Pemberian MWD dapat berpengaruh terhadap penguranagn nyeri dengan cara meningkatkan elastisitas pembungkus jaringan saraf, meningkatkan aktivitas neurotransmiter serta ambang rangsang saraf. Pada mild heat dapat memblok nyeri pada kornu posterior oleh serabut termosensor. Pada dosis tinggi dan waktu yang lama menyebabkan penurunan nyeri yang diakibatkan stimulus C yang merangsang hipotalamus untuk memproduksi endorphin.
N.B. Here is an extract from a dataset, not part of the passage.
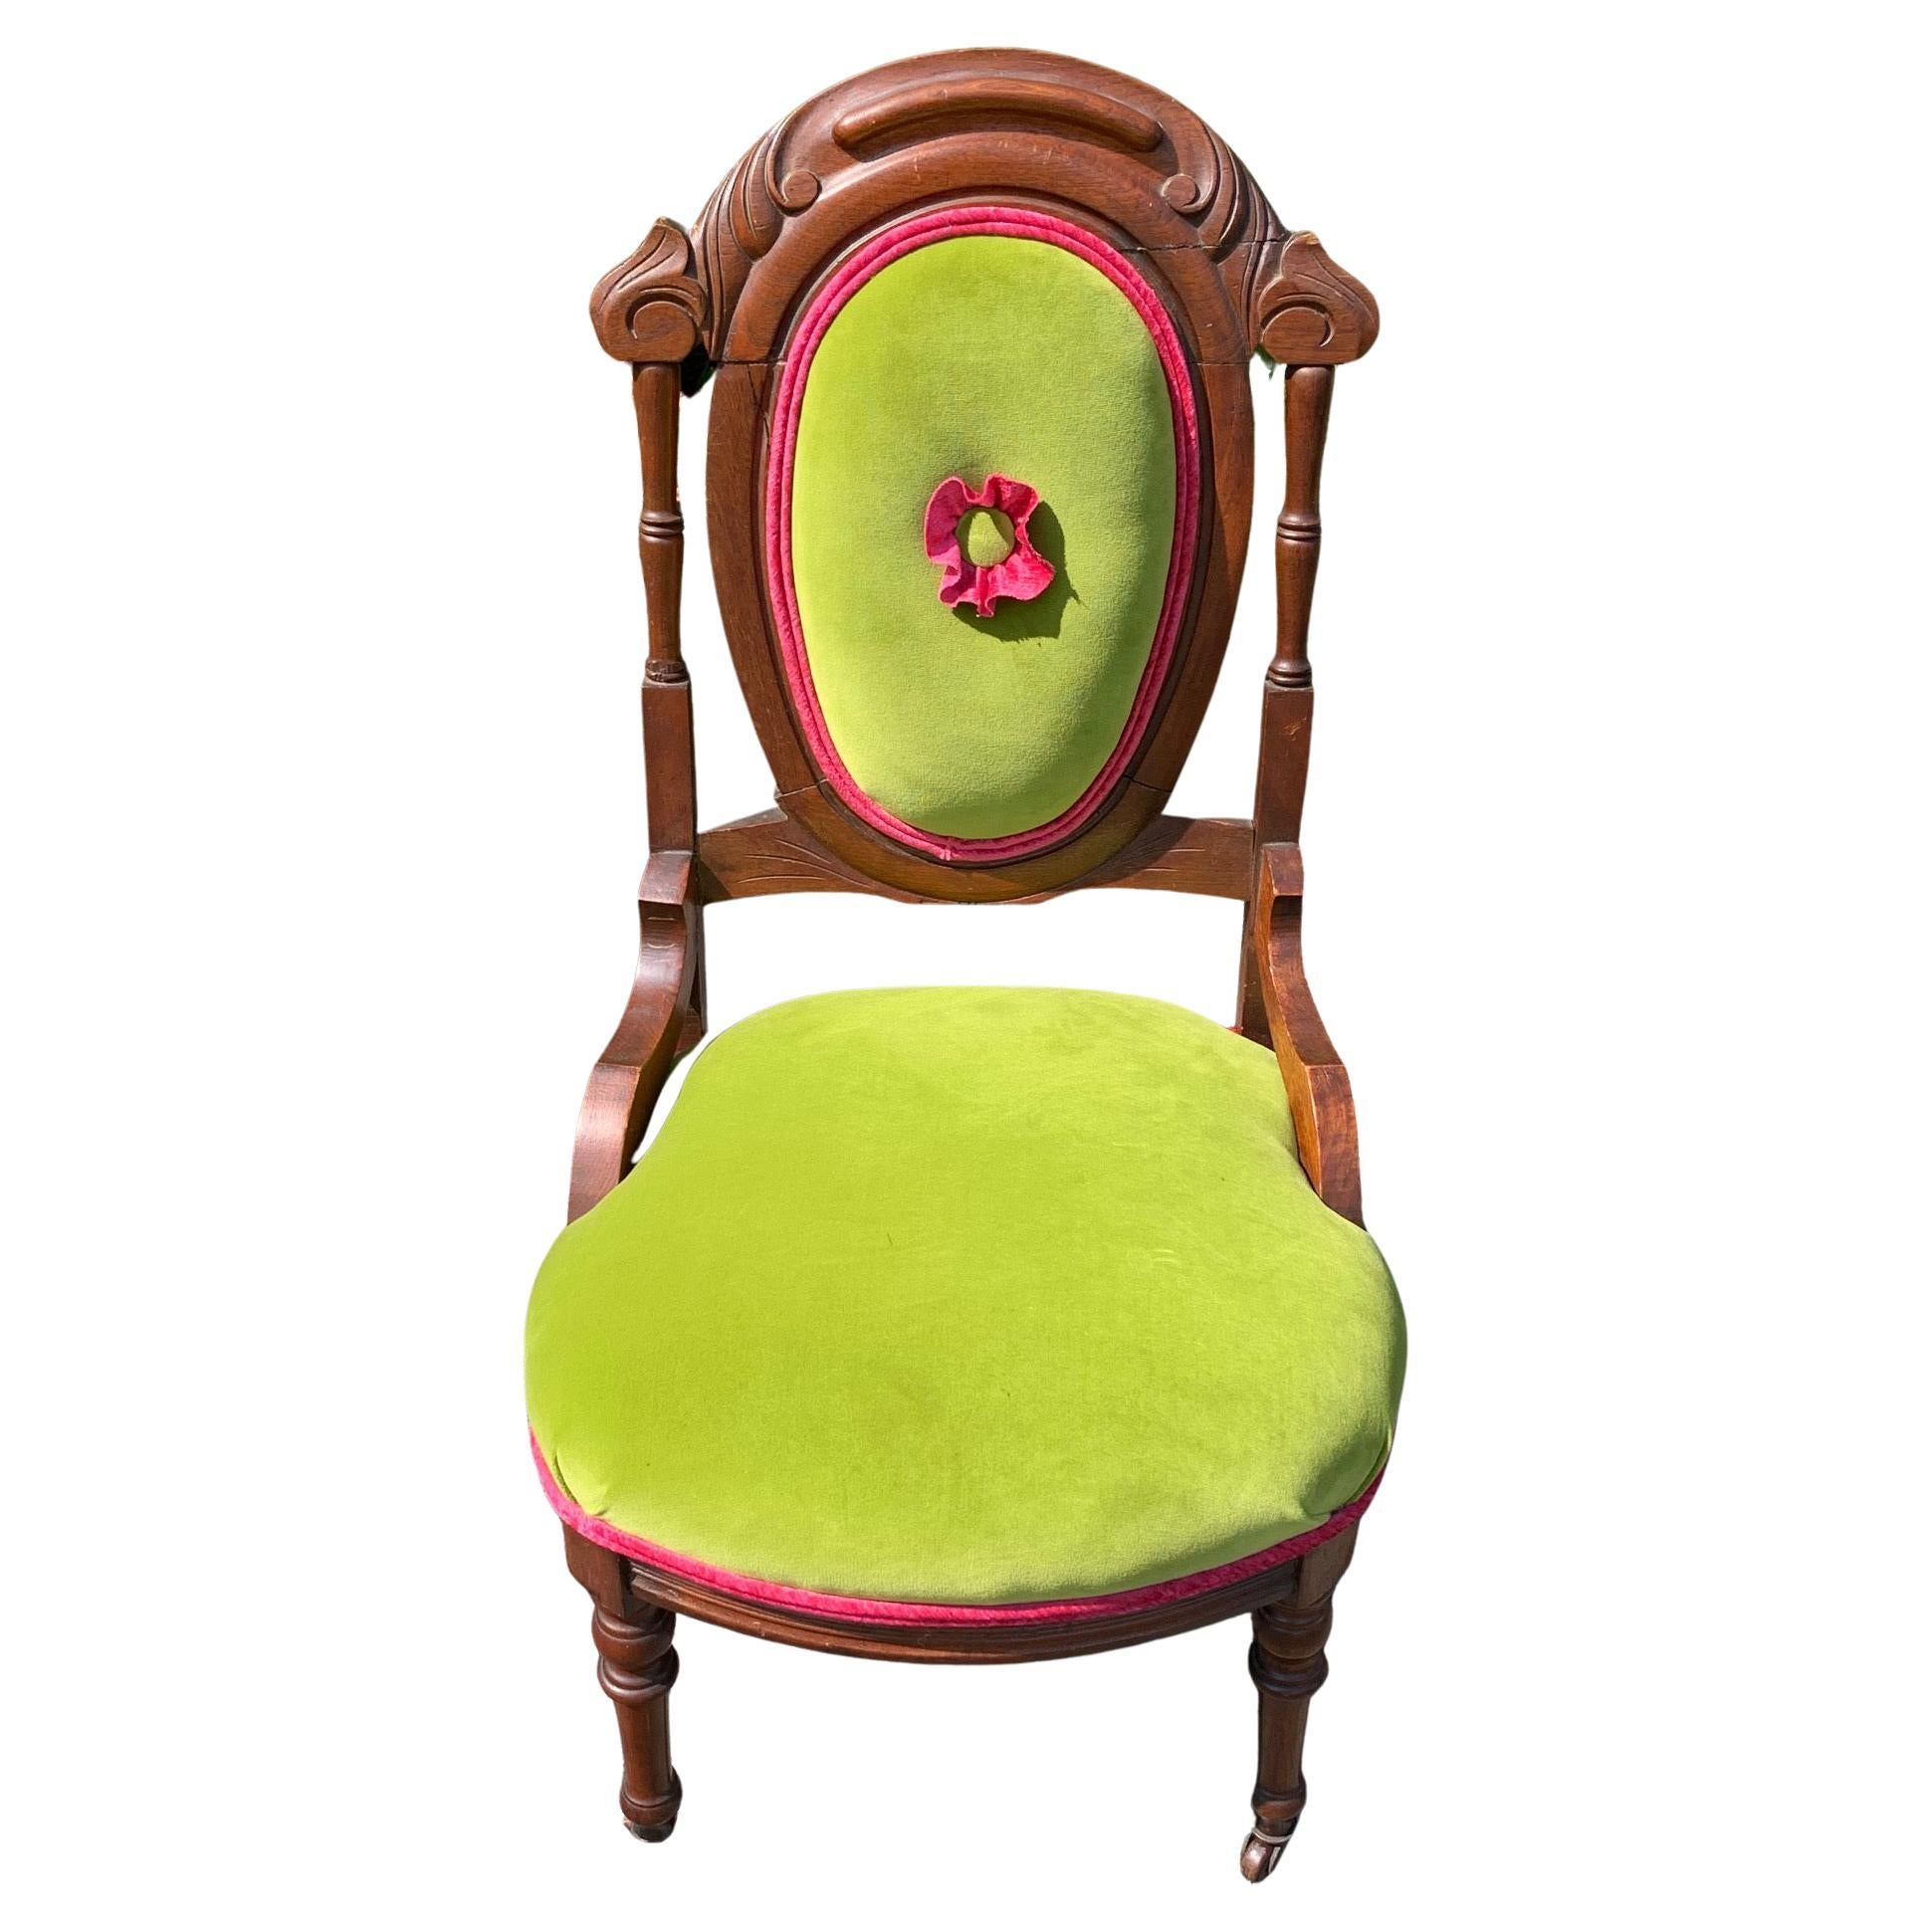 Sassy Little Occasional Chair in Chartreuse

Selain itu MWD juga menyebabkan vasodilatasi pembuluh darah lokal sehingga dapat terjadi peningkatan sirkulasi yang menyebabkan peningkatan penyerapan kembali iritan nyeri seperti alogen –asam laktat, sehingga nyeri berkurang serta terjadi relaksasi otot yang diikuti dengan berkurangnya spasme otot sehingga LGS bertambah.
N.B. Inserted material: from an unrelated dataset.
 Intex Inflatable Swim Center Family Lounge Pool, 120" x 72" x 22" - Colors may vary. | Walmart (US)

Selain itu efek termal MWD dapat juga meningkatkan elastisitas jaringan ikat seperti jaringan kolagen kulit, otot, tendon, ligamen dan kapsul sendi akibat menurunnya viskositas metriks jaringan tanpa menambah panjang matriks, perbaikan sirkulasi dan kadar air dalam metriks jaringan ikat. Meningkatnya kadar air tersebut menyebabkan komposisi GAG dan air pada jaringan ikat meningkat, sehingga viskositas menurun mobilitas kolagen lebih mudah sehingga meningkatkan daya regang yang pada akhirnya terjadi peningkatan LGS.
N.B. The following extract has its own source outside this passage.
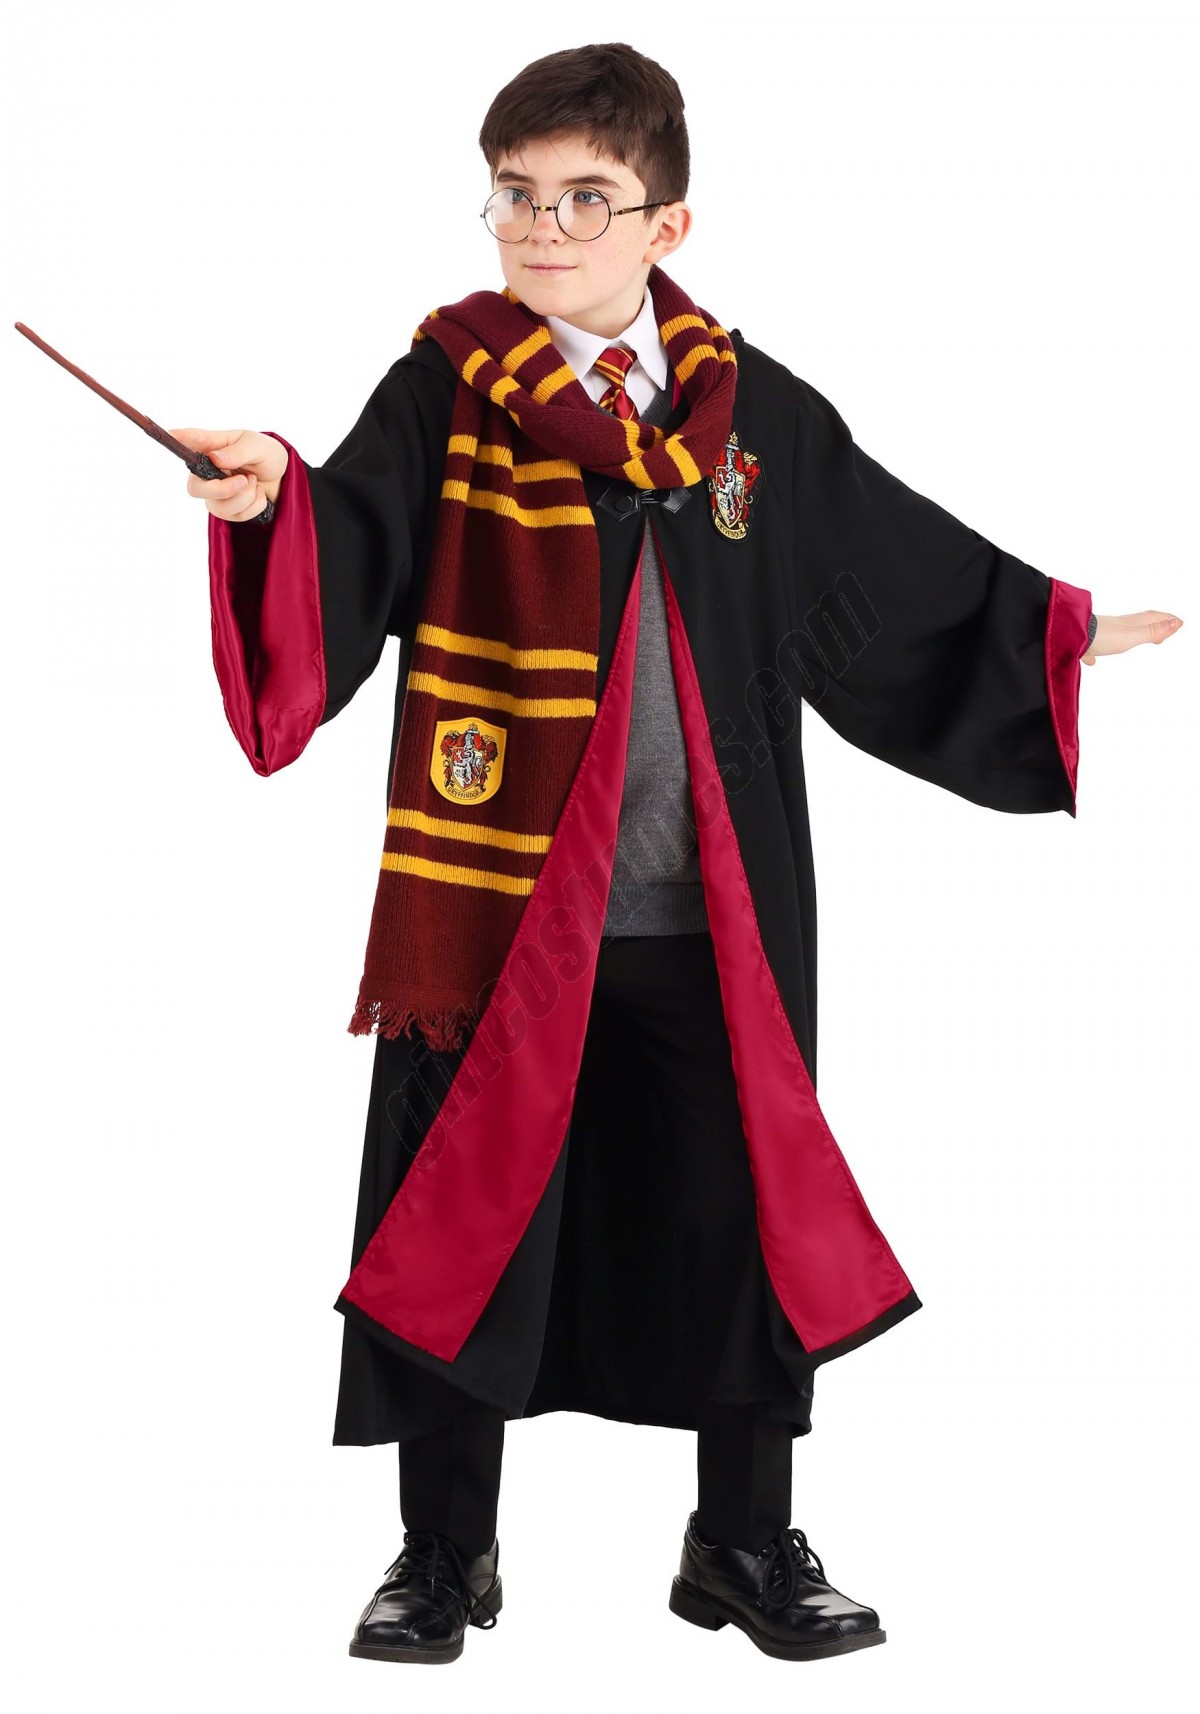 Deluxe Kid's Harry Potter Costume Promotions - -4

Gambar 2.5 : Micro Wave Diathermy Sumber : www.enraf-nonius

2.4.9 Prosedur Penerapan a. Persiapan alat

Semua tombol dalam keadaan nol, merapikan kabel penghubung jangan sampai ada kabel yang bersilang, kabel utama disambungkan ke sumber listrik, naikan intensitas sedikit demi sedikit, setelah dipanaskan.

b. Persiapan subjek

Sebelum pemberian terapi, subjek terlebih dahulu diberikan penjelasan mengenai cara kerja alat, indikasi dan kontraindikasinya, posisi subjek dalam keadaan senyaman mungkin dan tidur terlentang di bed terapi, daerah yang akan diberi terapi dijauhkan dari pakaian dan logam.

c. Pelaksanaan Terapi

Dosis yang diberikan:, durasi : 10 menit, intensitas : Sub thermal, emitter diatur jaraknya dengan kulit yang akan diterapi. Pada penelitian ini maka peneliti memberikan jarak 3 cm sebagai space udara dari emitter ke kulit.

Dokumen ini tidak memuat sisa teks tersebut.